Выбрать главу

Пью молоко, с бел<ым> «бушА», из кондит<ерской> — взял в рот — и нет ничего! Но приятно растаяло. А это «растаяло» — с пятачок! — стоит 2 фр<анка>! — на 1 секунду!! Если так есть, в час… 7200 фр<анков>! Безу-мие. А посему ем только с чашкой молока, на 10 фр<анков> (5 штучек). Сахар и белок и так вздуты, будто воздушный чуть мятный пряничек (ну, жульничество, но приятное, сладкое). Зато молоко втекает терпимо. И — целое блюдо! А на 1 — ое мал<енькая> кастр<юль>ка овсянки на молоке и с маслом.

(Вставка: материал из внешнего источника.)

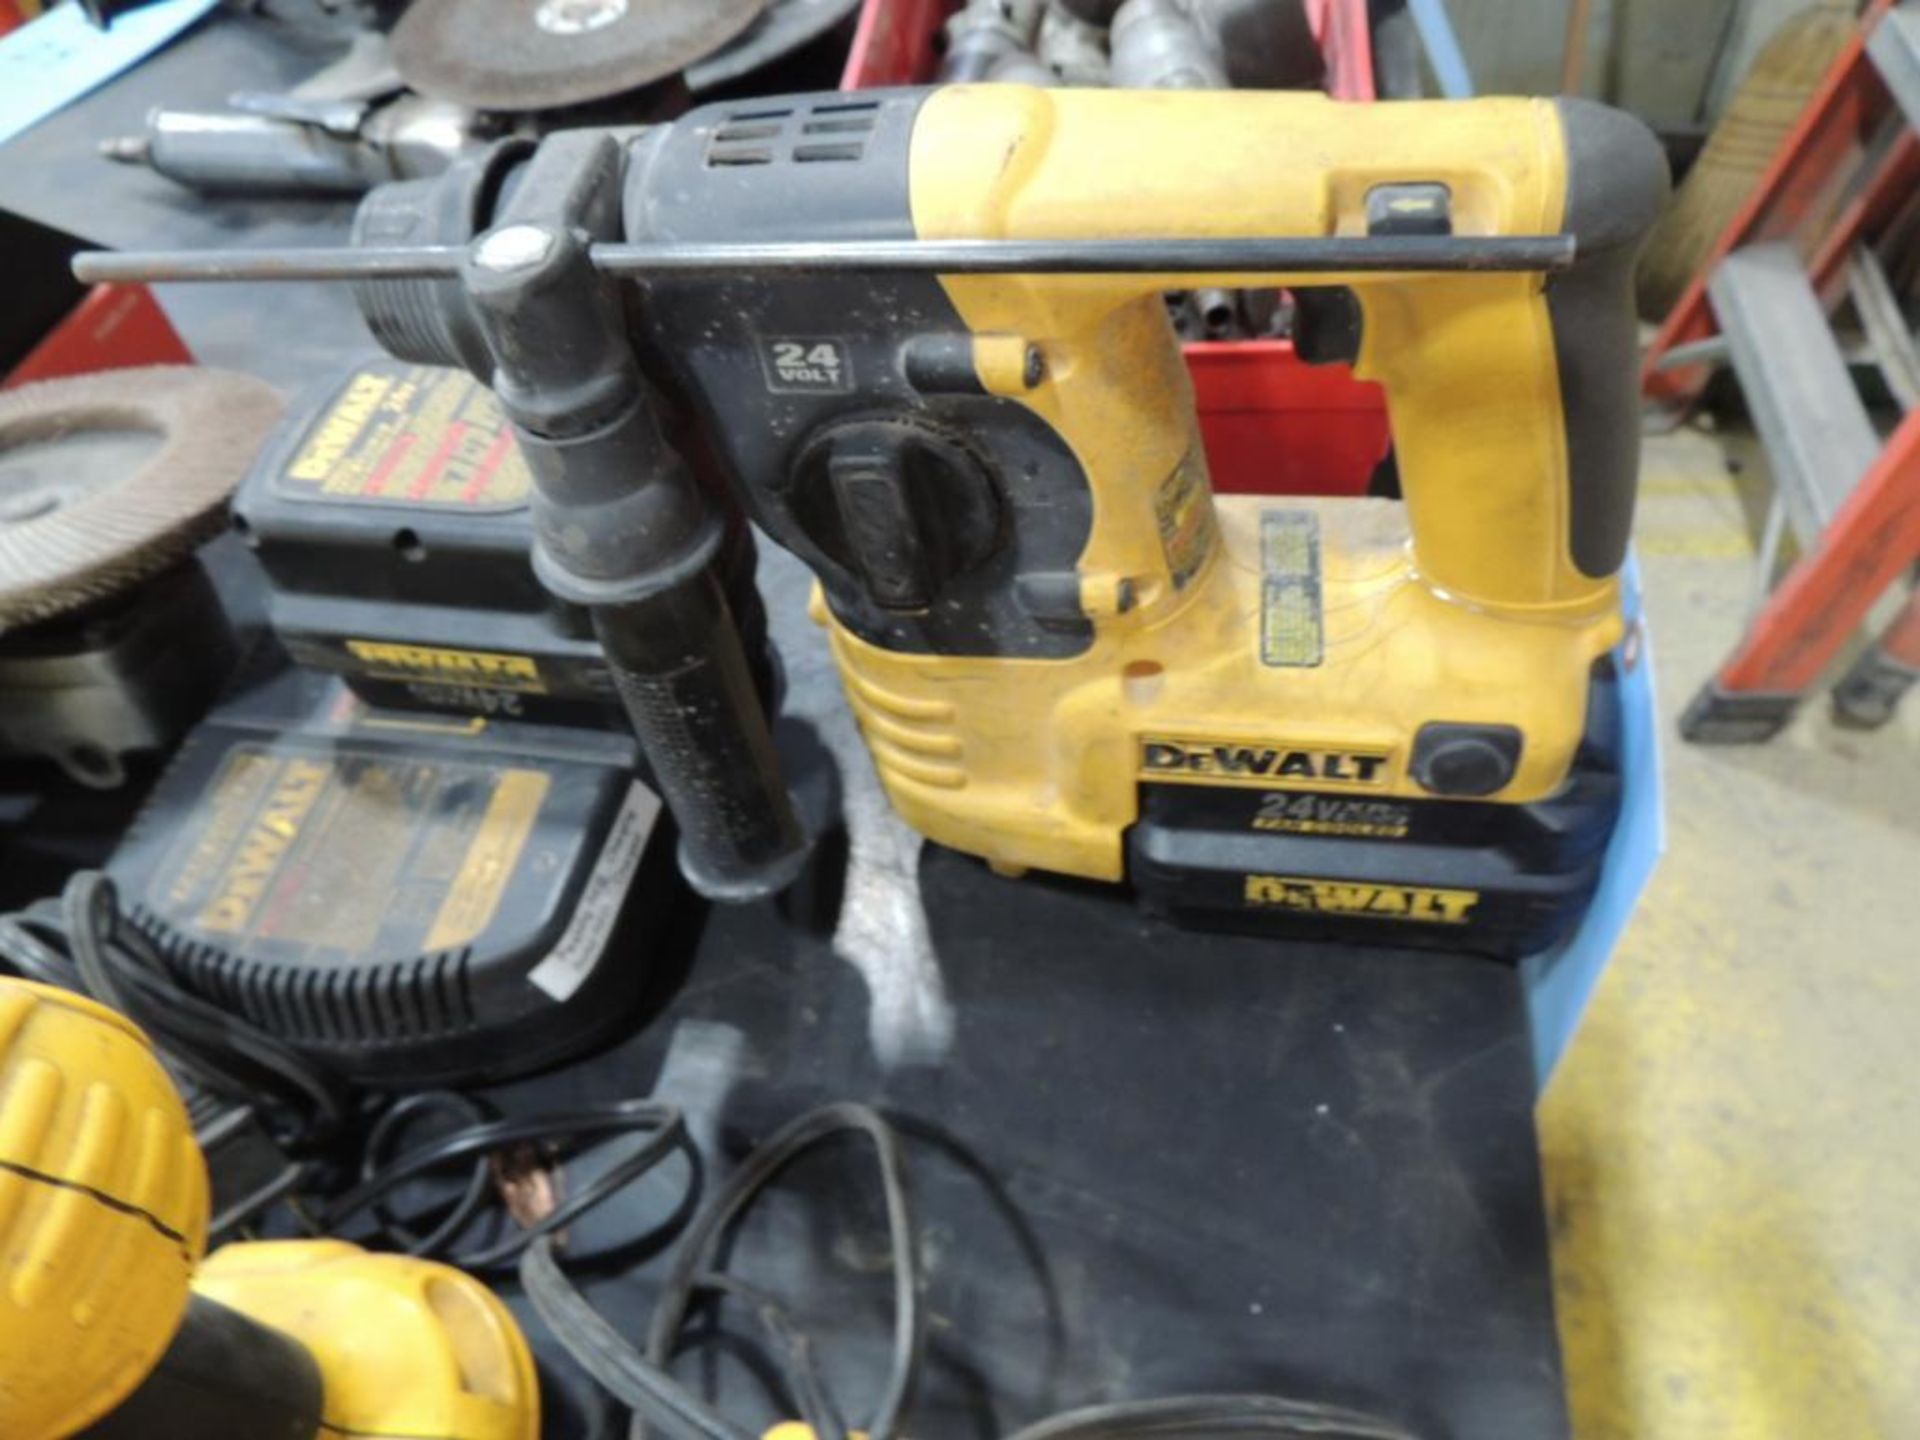 DEWALT DC223 HAMMER DRILL, 24 VOLT, 1 BATTERY AND CHARGER (Building T3)

Вот и обед. Ем я два раза в день. Главное — недолго готовить. Утром — яйцо, чашку кофе с мол<оком>, кусочек сух<ого> хлеба. Хлеб ужасный! Сухарей — biscottes — нет! На ночь чашку молока и — 2 куска сахару. Мяса не ем, ветчину — вывел из обихода, к<а>к и супы. И вполне довольно. А когда — кисель. Сыр<ых> ягод и фр<уктов> — нельзя. Ложку варенья — вышел кисель. А манная-то еще![631]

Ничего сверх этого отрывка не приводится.